Ночные часы идут вразвалку, не торопясь. Снежной ночи некуда спешить: солнце встанет над хребтами бледное, укутанное холодными туманами, чуть-чуть потревожит розоватыми лучами синие морщины теней. Солнце не обрадует радостью яркою и многоцветною. Некуда ночи спешить. В шорохах, в шепотах, в неуловимых вздохах влечется она — покойная, сонная, усталая.
Но снова зыбкая настороженность ночи рвется шопотом:
— Павел!
— Слышу... Спи, Ксения.
— Павел... А не обрыдна я тебе такая... одноглазая? Не обрыдна?
— Да нет же, нет!.. Сама чувствуешь. Разве был бы я с тобою такой, если б противна была ты мне?..
— Ой, боюсь я, Павел!.. Я жизью напуганная. Со мной всякое бывало. Ежли б тебе рассказать все...

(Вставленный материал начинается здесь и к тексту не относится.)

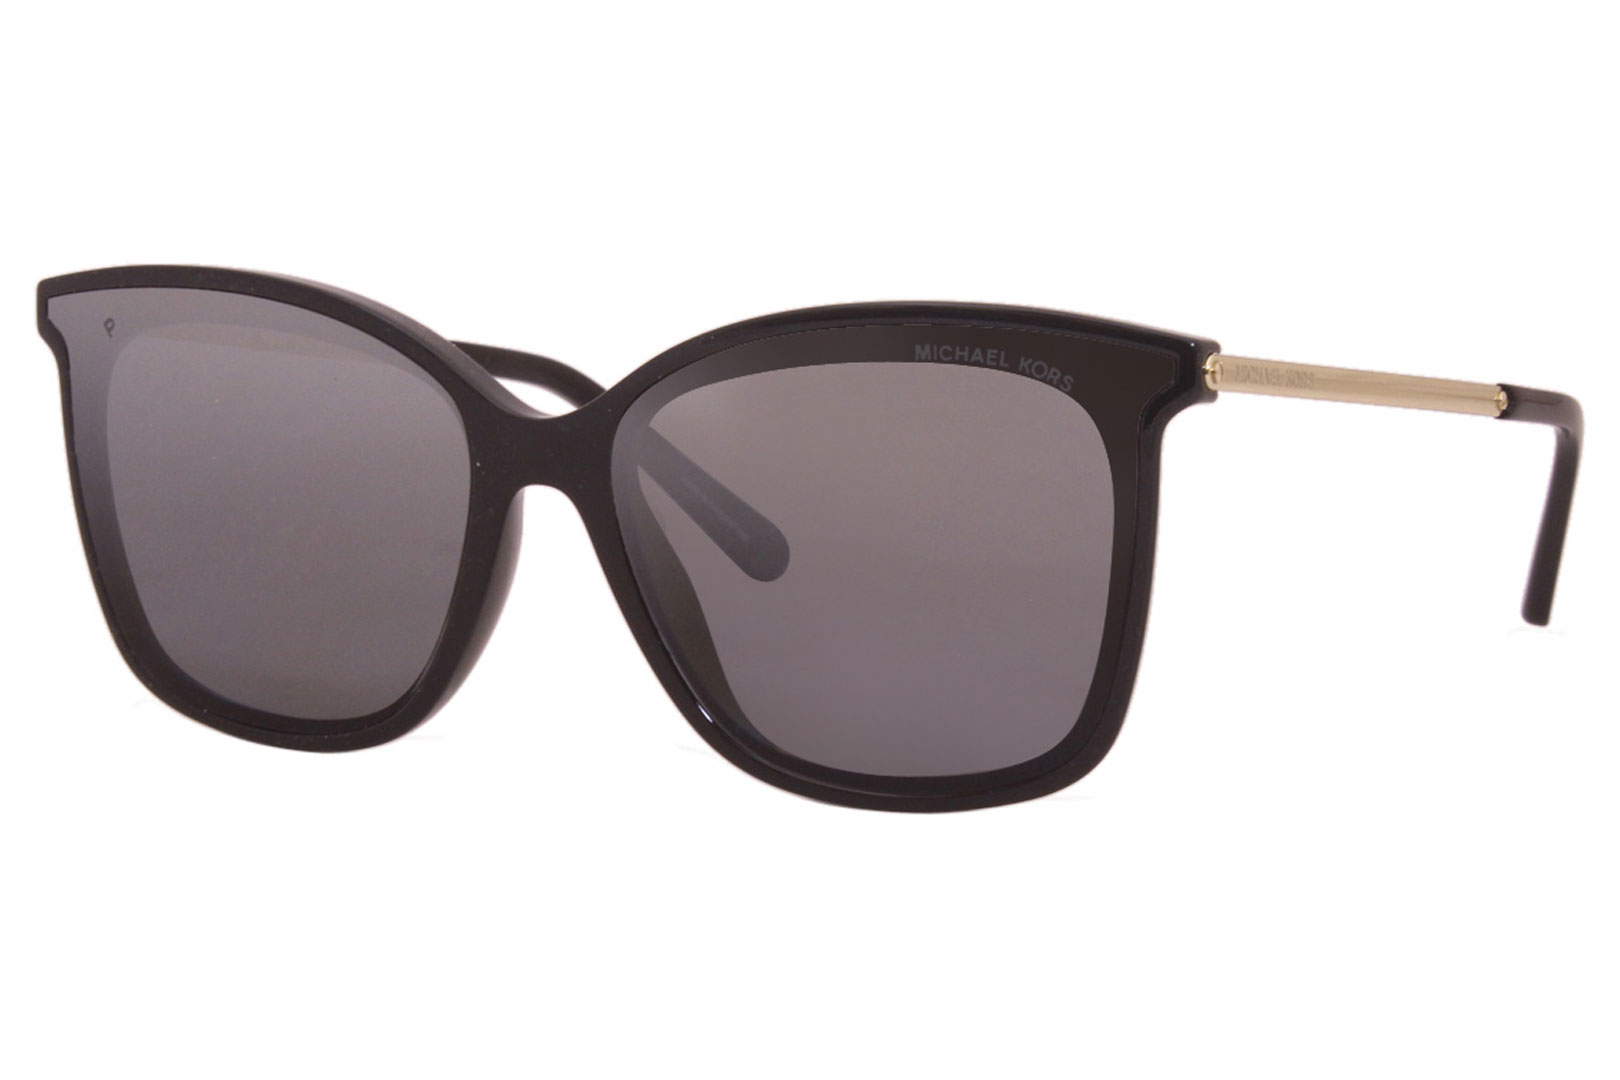 MICHAEL KORS Sunglasses MK1119 in 101484  goldbrown polarized  Breuninger

— Ты, как хочешь, — можешь и рассказывать, и молчать о прошедшем. Я сам жизнью покорёбан. Здорово... Мне бы тебе самому, Ксения, по-настоящему все порассказать надо...
— Об чем рассказывать? Не надо... Что было, то, значит, прошло. Меня быльем не ударишь. Я вот одного боюсь: кабы у тебя сердце от меня не отшатнулось...
— Ты не бойся...
— Эх, кабы все это раньше! — шопот вырастает во вскрик. В голосе тоска: — Эх, кабы раньше!.. Прежде-то я, спроси у людей, первой красавицей была... Прежде бы я не боялась ничего. А нонче... Вот, Павел, вся дрожу, вся томлюсь: а ну, ежли все это пройдет?
— Ты не бойся! — горячим шопотом повторяет Павел. — Мне, кроме тебя, нет в жизни ходу... Я сам мурцовки здорово хлебнул. Я в жизни совсем одинокий и некуда мне податься... Без тебя бы я никакой радости не узнал. А ты меня, как родного, сразу угрела... Ты ничего, не бойся...
В темноте, не видя друг друга, ощущая только телом тело другого, тянутся они ближе один к другому. Тянутся жадно... Ксения протягивает руку, горячей лаской обжигает шею Павла, вздрагивает, вспыхивает; вздрагивая и прижимаясь к Павлу, со сладкой тоской говорит:
— Не боюсь... вот теперь, родимый, не боюсь... ничего...
22.
Кошевка со скрипом полозьев останавливается у сельсовета. Кошевку приволокли крепкие закуржавевшие на морозе лошадки. Сидящий в кошевке ловко вываливается, подскакивает, хлопает рукавицами и оттаптывает наметенный на ступени за ночь снег, быстро взбегает на крыльцо.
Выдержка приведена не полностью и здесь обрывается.